An elegant solution to this problem is an operator called the pipe, which looks like |>. You can insert it by using the keyboard shortcut Shift+Cmd+M (Mac) or Shift+Ctrl+M (Windows). Here’s how you could use a pipe to select and filter in one step:
surveys |>
select(-day) |>
filter(month >= 7)# A tibble: 8,244 × 13
source record_id month year plot_id species_id sex hindfoot_length weight
<chr> <dbl> <dbl> <dbl> <dbl> <chr> <chr> <dbl> <dbl>
1 data_r… 1 7 1977 2 NL M 32 NA
2 data_r… 2 7 1977 3 NL M 33 NA
3 data_r… 3 7 1977 2 DM F 37 NA
4 data_r… 4 7 1977 7 DM M 36 NA
5 data_r… 5 7 1977 3 DM M 35 NA
6 data_r… 6 7 1977 1 PF M 14 NA
7 data_r… 7 7 1977 2 PE F NA NA
8 data_r… 8 7 1977 1 DM M 37 NA
9 data_r… 9 7 1977 1 DM F 34 NA
10 data_r… 10 7 1977 6 PF F 20 NA
# ℹ 8,234 more rows
# ℹ 4 more variables: genus <chr>, species <chr>, taxa <chr>, plot_type <chr>The pipe takes the thing on the lefthand side and inserts it as the first argument of the function on the righthand side.
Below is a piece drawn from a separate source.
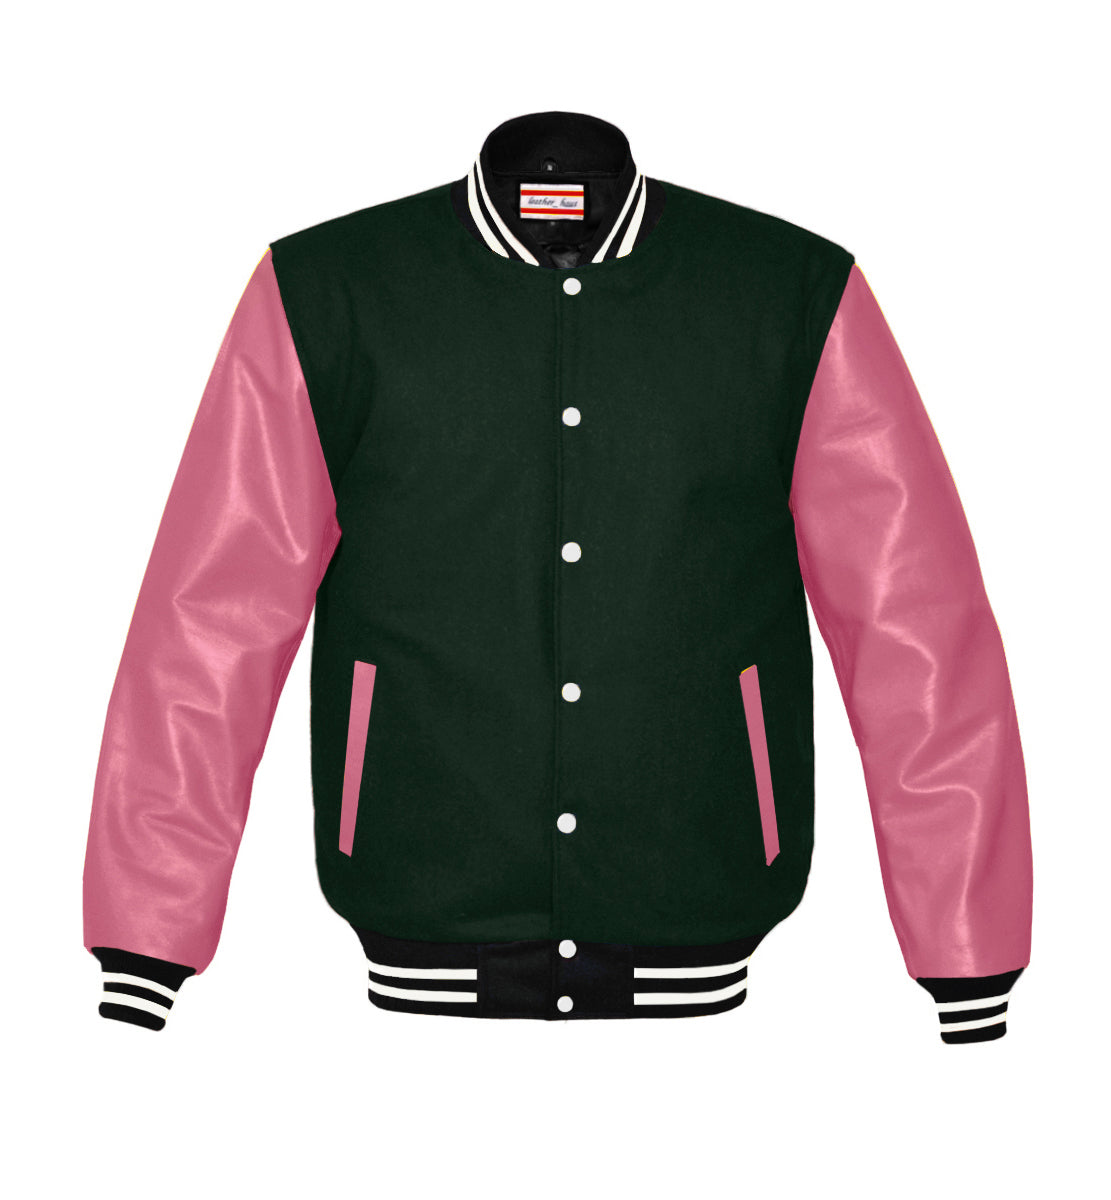 Styling Vandy the Pink Varsity Jacket(CPFM, Jil Sander, and vtg leather  pants)

By putting each of our functions onto a new line, we can build a nice, readable pipeline.
It can be useful to think of this as a little assembly line for our data. It starts at the top and gets piped into a select() function, and it comes out modified somewhat. It then gets sent into the filter() function, where it is further modified, and then the final product gets printed out to our console. It can also be helpful to think of |> as meaning “and then”. Since many tidyverse functions have verbs for names, a pipeline can be read like a sentence.
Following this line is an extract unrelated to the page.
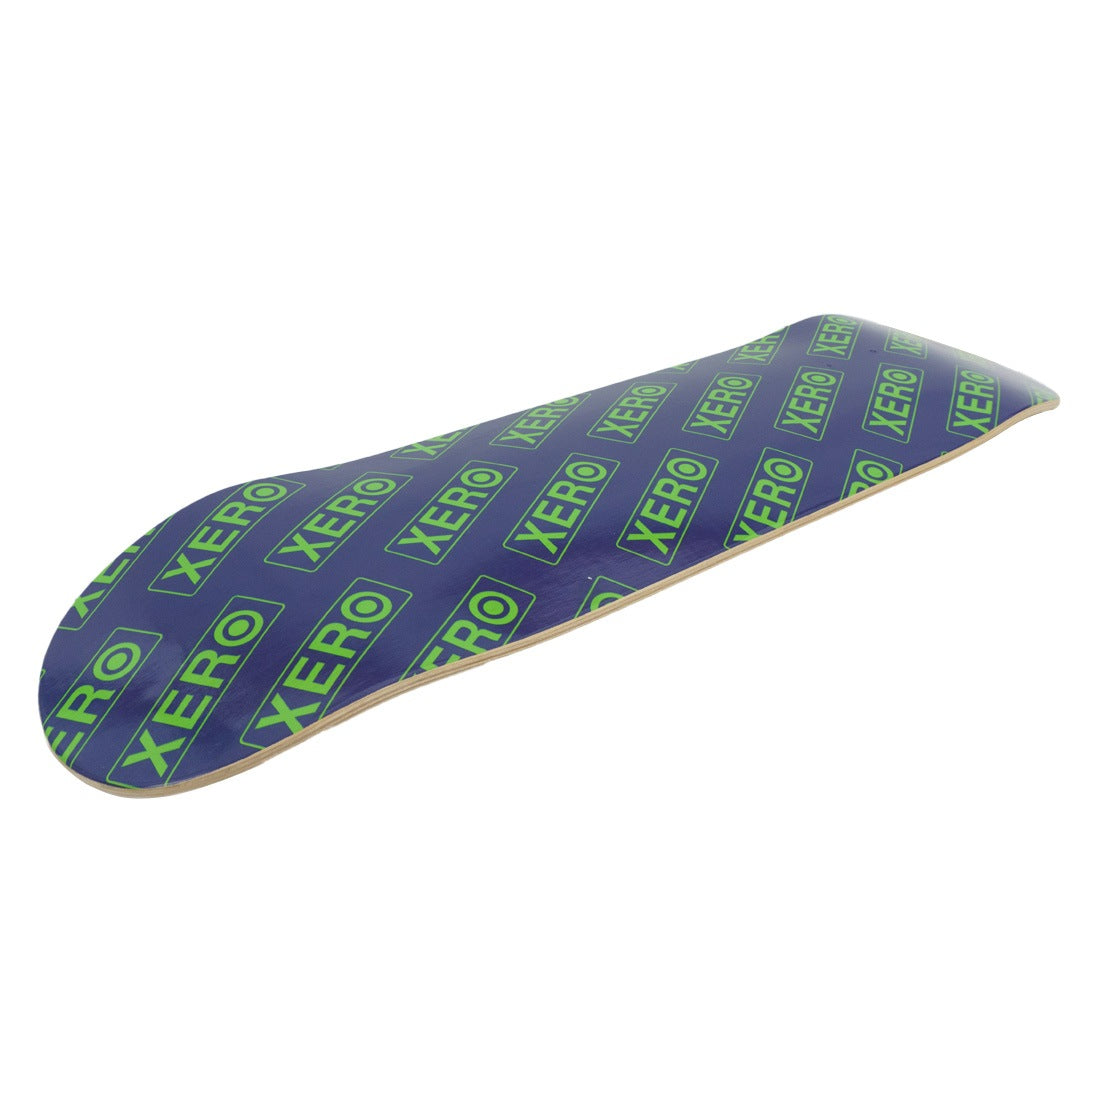 XERO Skateboard Deck - Repeat Logo Left View

If we want to store this final product as an object, we use an assignment arrow at the start.
surveys_sub <- surveys |>
select(-day) |>
filter(month >= 7)
# Can also be written as
surveys_sub <-
surveys |>
select(-day) |>
filter(month >= 7)A good approach is to build a pipeline step by step prior to assignment. You add functions to the pipeline as you go, with the results printing in the console for you to view. Once you’re satisfied with your final result, go back and add the assignment arrow statement at the start. This approach is very interactive, allowing you to see the results of each step as you build the pipeline, and produces nicely readable code.
You may also see the older style pipe in code online: %>%. This was widely used before a native pipe |> was introduced in R 4.1.0 in May 2021. The two pipes are quite similar but there are a few differences we won’t get into here.
New columns with mutate()
Creating new columns based on existing columns is a common task during data analysis. For example, we could add a new column that has the weight in kilograms instead of grams.
surveys |>
mutate(weight_kg = weight / 1000)# A tibble: 16,878 × 15
source record_id month day year plot_id species_id sex hindfoot_length
<chr> <dbl> <dbl> <dbl> <dbl> <dbl> <chr> <chr> <dbl>
1 data_ra… 1 7 16 1977 2 NL M 32
2 data_ra… 2 7 16 1977 3 NL M 33
3 data_ra… 3 7 16 1977 2 DM F 37
4 data_ra… 4 7 16 1977 7 DM M 36
5 data_ra… 5 7 16 1977 3 DM M 35
6 data_ra… 6 7 16 1977 1 PF M 14
7 data_ra… 7 7 16 1977 2 PE F NA
8 data_ra… 8 7 16 1977 1 DM M 37
9 data_ra… 9 7 16 1977 1 DM F 34
10 data_ra… 10 7 16 1977 6 PF F 20
# ℹ 16,868 more rows
# ℹ 6 more variables: weight <dbl>, genus <chr>, species <chr>, taxa <chr>,
# plot_type <chr>, weight_kg <dbl>You can create multiple columns in one mutate() call, and they will get created in the order you write them. This means you can even reference the first new column in the second new column:
surveys |>
mutate(weight_kg = weight / 1000,
weight_lbs = weight_kg * 2.2)# A tibble: 16,878 × 16
source record_id month day year plot_id species_id sex hindfoot_length
<chr> <dbl> <dbl> <dbl> <dbl> <dbl> <chr> <chr> <dbl>
1 data_ra… 1 7 16 1977 2 NL M 32
2 data_ra… 2 7 16 1977 3 NL M 33
3 data_ra… 3 7 16 1977 2 DM F 37
4 data_ra… 4 7 16 1977 7 DM M 36
5 data_ra… 5 7 16 1977 3 DM M 35
6 data_ra… 6 7 16 1977 1 PF M 14
7 data_ra… 7 7 16 1977 2 PE F NA
8 data_ra… 8 7 16 1977 1 DM M 37
9 data_ra… 9 7 16 1977 1 DM F 34
10 data_ra… 10 7 16 1977 6 PF F 20
# ℹ 16,868 more rows
# ℹ 7 more variables: weight <dbl>, genus <chr>, species <chr>, taxa <chr>,
# plot_type <chr>, weight_kg <dbl>, weight_lbs <dbl>We can also use multiple columns to create a single column. For example, it’s often good practice to keep the components of a date in separate columns until necessary, as in the surveys dataset. This is because programs like Excel automatically convert and change data interpreted as dates, and this can introduce errors. However, now that we are working in R, we can safely put together a date column.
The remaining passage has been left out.